To tell you the truth, if he had 14 bolts instead of D70s that were free and he had extras laying around I'd take the 14 bolts but since it's D70s I'm taking the 70s. It all boils down to economics at this point in time.
I really don't think either one would brake under this truck anyway.

Well I found out that the 52 code on the door says it's a 4:10. This is great cause if it was a 3:07 that means it has a unique case design due to the larger pinion dia of the gears, forget it.

I'll see what I can do to keep the 8 lug 91EB cause I like the way the axle shaft is not supporting the weight of the truck with FF hubs. Like it's going to hurt it anyway with this light rig. But it sure would have a killer look to it. But who knows, time will tell.
I know the fact that the axle is free does not mean that a ton of money will still be dropped on this mod. That's if Joe hurrys up and gets the darn front end loader down there before the snow starts flying.

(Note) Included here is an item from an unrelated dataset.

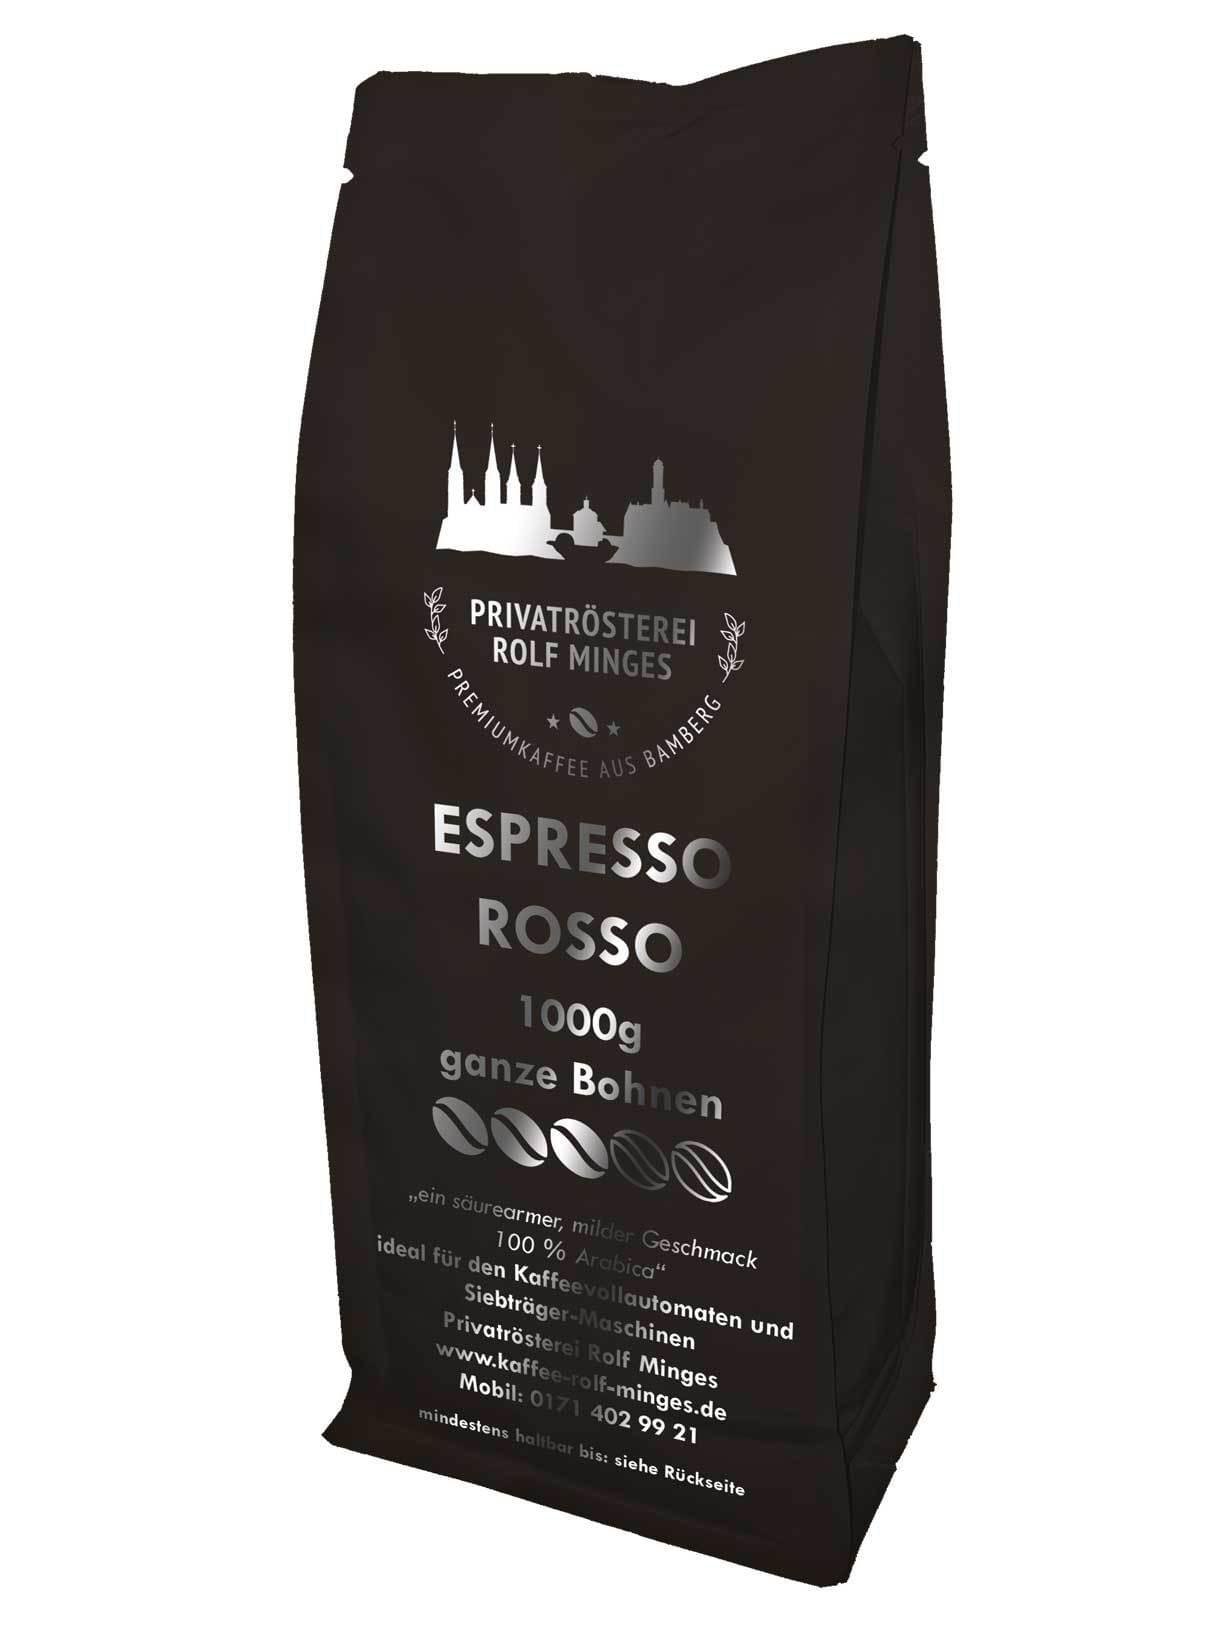 Privatrösterei Rolf Minges Espresso Rosso - 1000g

Yeah, I really like full float axles. IMO they should all be if it is a vehicle designed to carry anything or tow, that way all the axle shaft has to do is provide propulsion, not bear any weight. I have a 4.10 10.25 under my 250, and I've worked with a lot of 14 bolts and 60's. Last winter we converted my father in law's K-10 from having a pair of 10 bolts to 14 bolt FF rear and 8 lug D-44 front. We converted the 44 from 6 to 8 lug, it was as easy as swapping hubs, rotors and backing plates. Made the truck look 50 times better.

I smell more rod burning coming up.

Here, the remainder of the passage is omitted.